DATASET CONTENT.
+ + + + +

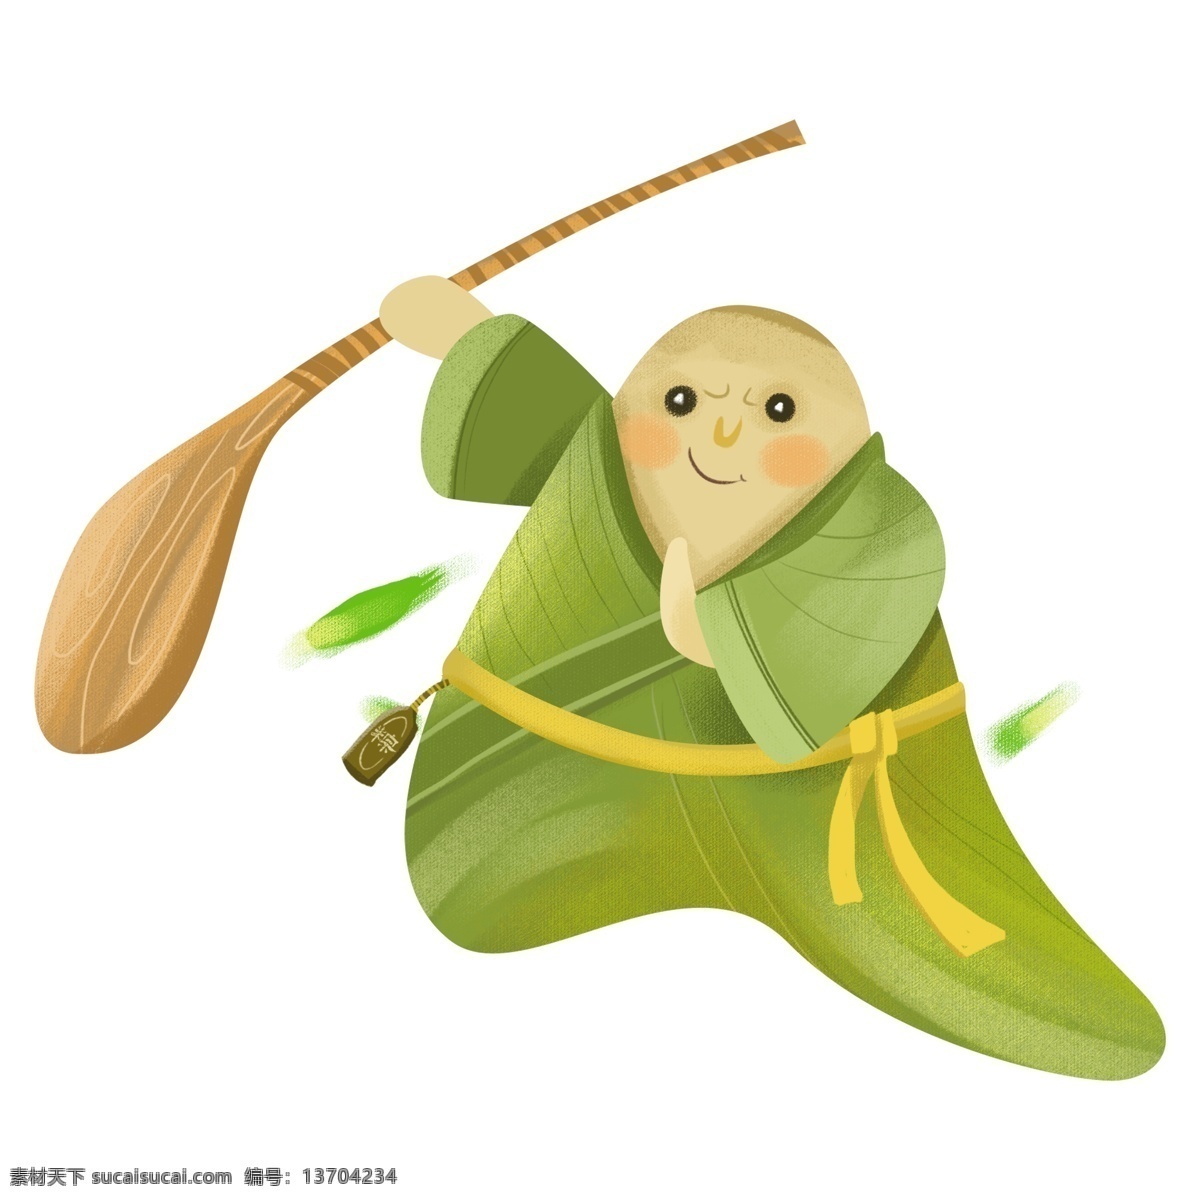 端午节 卡通 创意 粽子 创意粽子 绿色 端午 2019 可爱的粽子 传统节日 传统文化
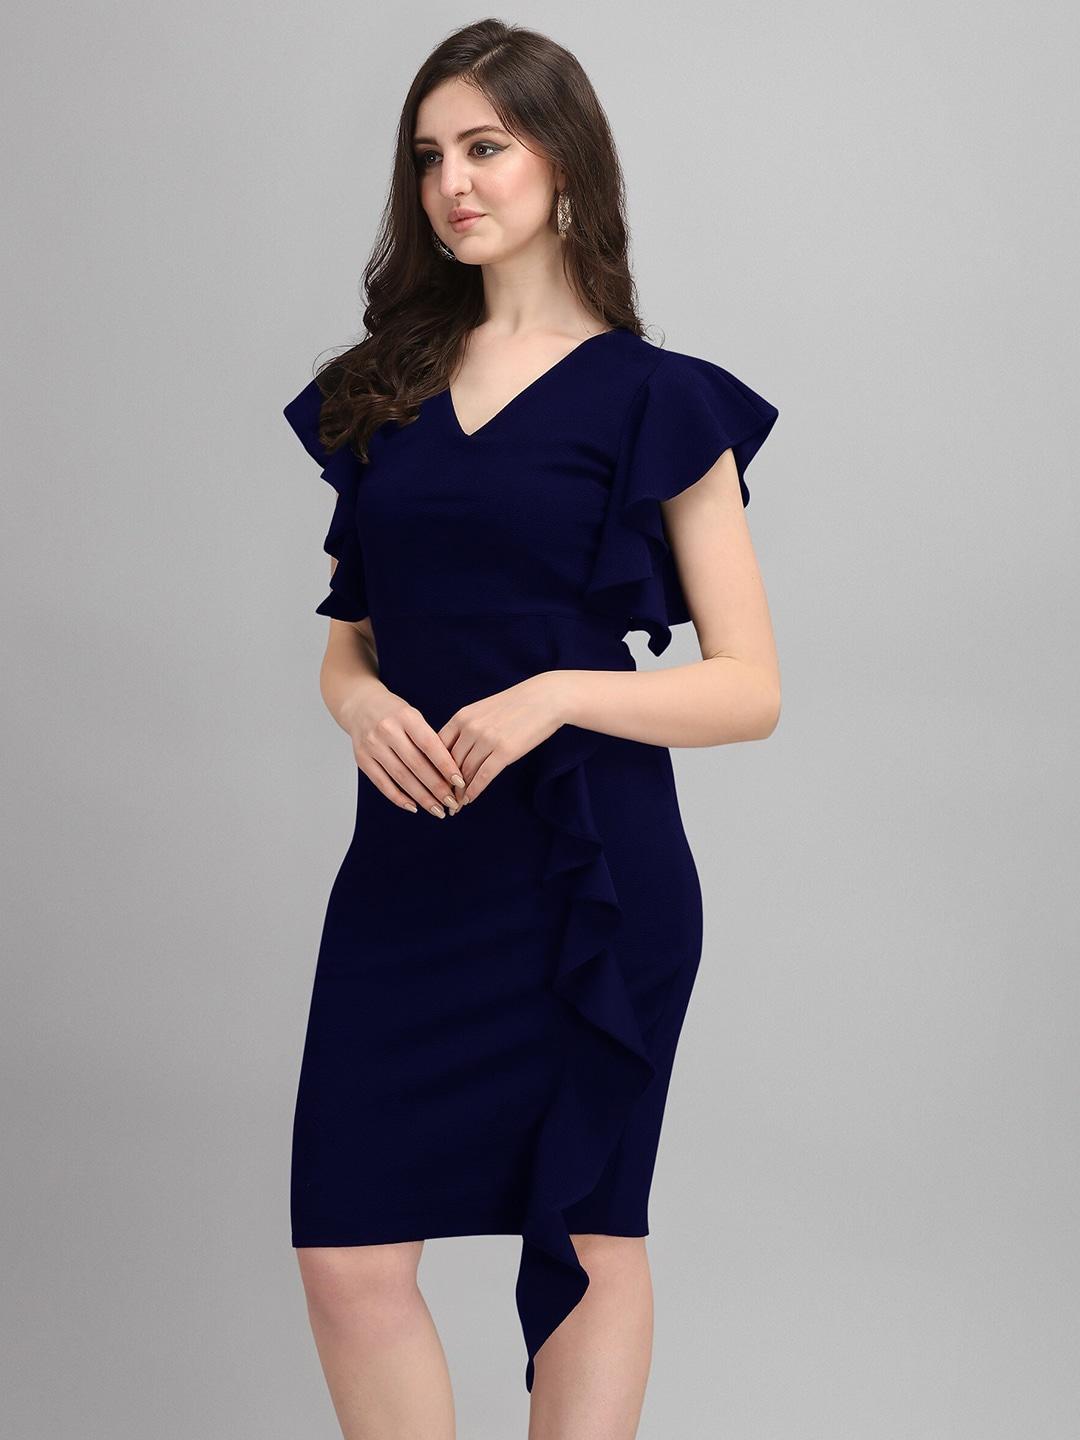 SHEETAL Associates Blue Formal A-Line Dress
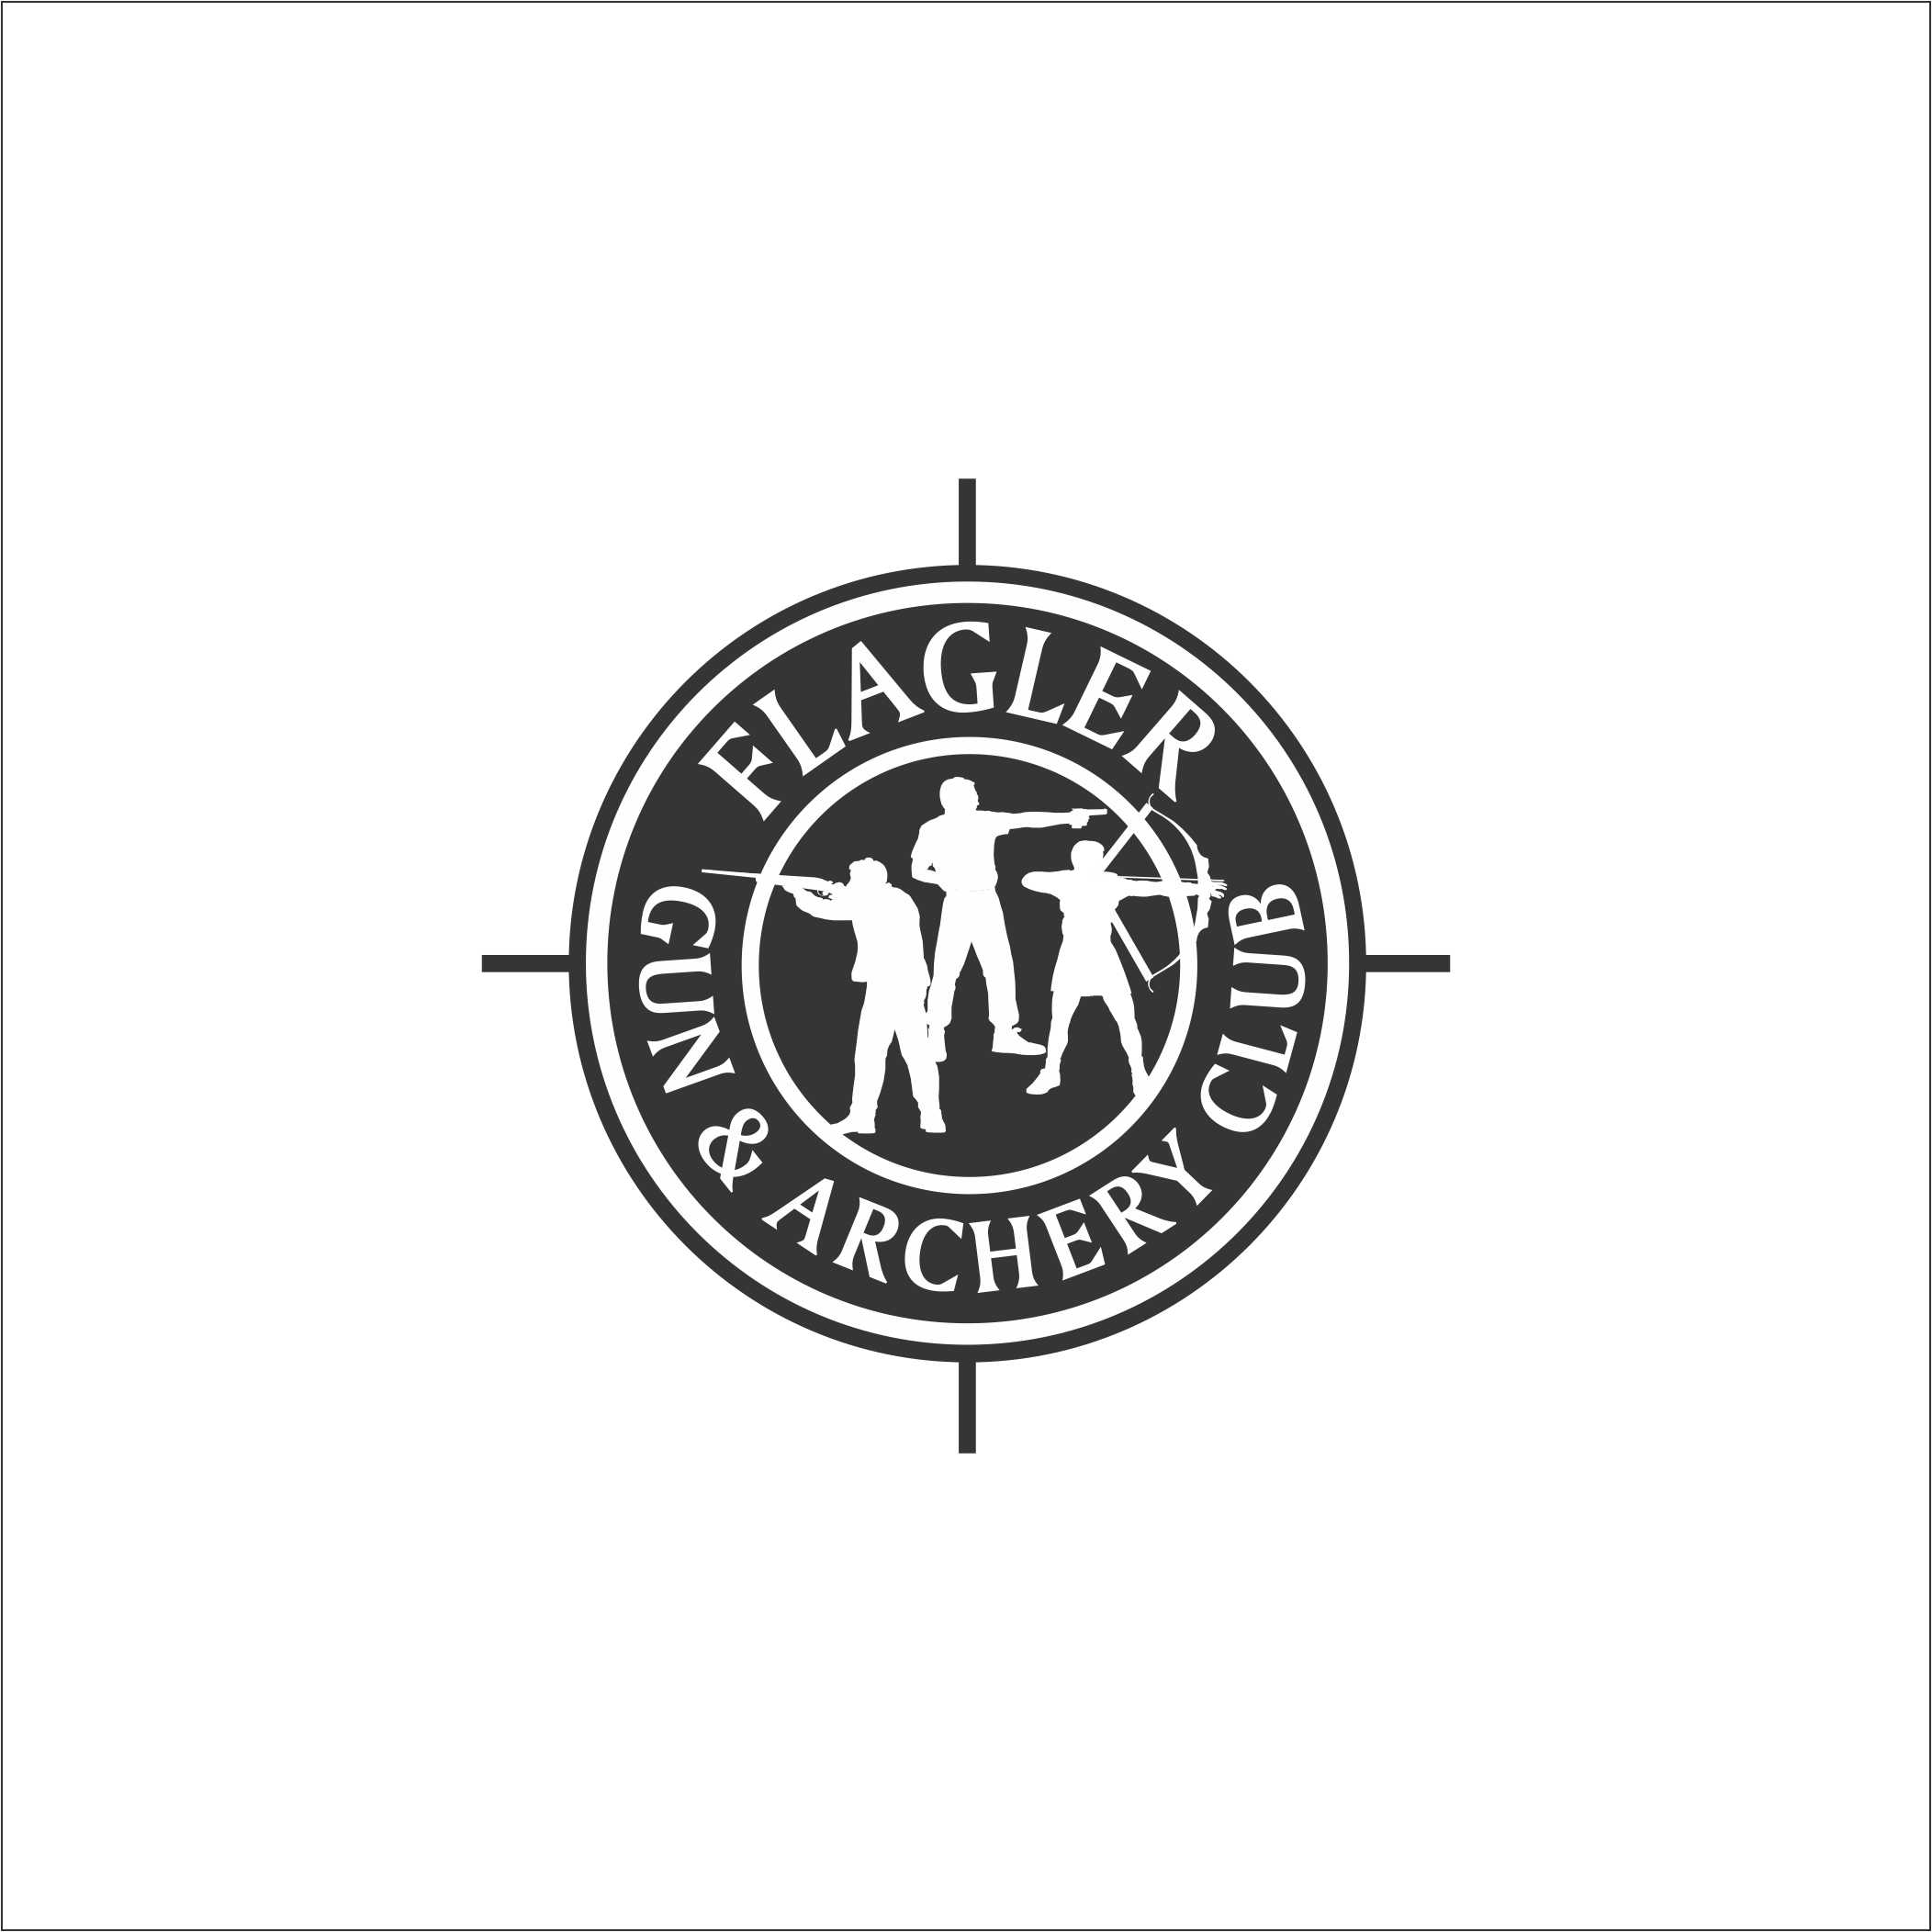 Flagler Gun & Archery Club
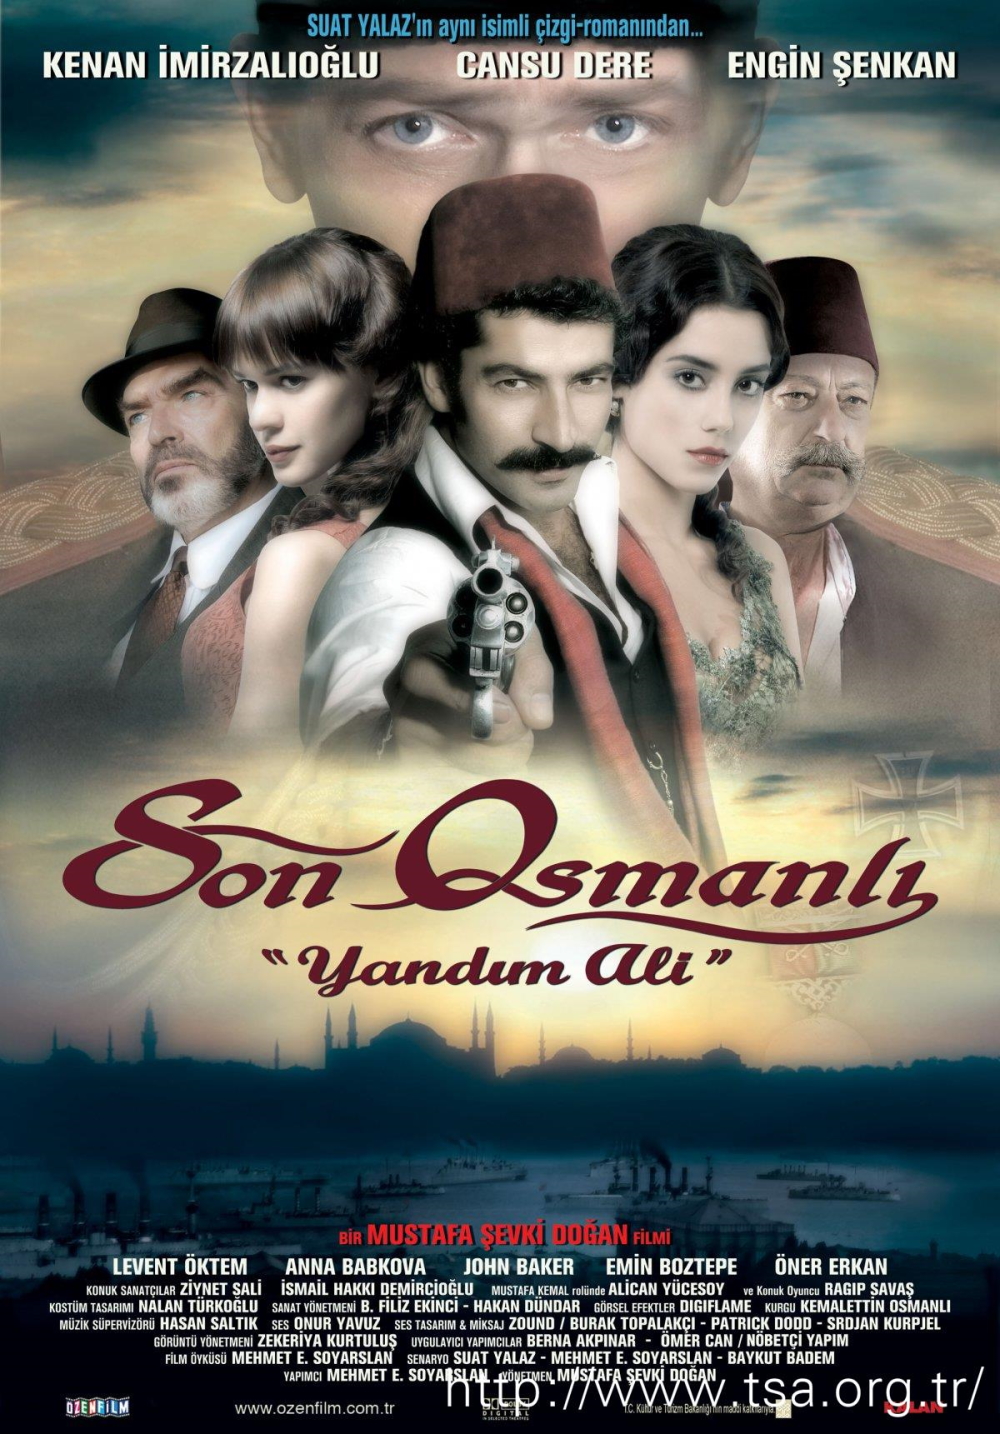 cumhuriyet, film, 29 ekim, atatürk, türkiye, son osmanlı yandım ali

+ + + + +

GOAL OF THE EXERCISE. Reproduce the listing above exactly, excluding all pictures.

REPLY.
 端午节 卡通 创意 粽子 创意粽子 绿色 端午 2019 可爱的粽子 传统节日 传统文化
 SHEETAL Associates Blue Formal A-Line Dress
 Flagler Gun & Archery Club
 cumhuriyet, film, 29 ekim, atatürk, türkiye, son osmanlı yandım ali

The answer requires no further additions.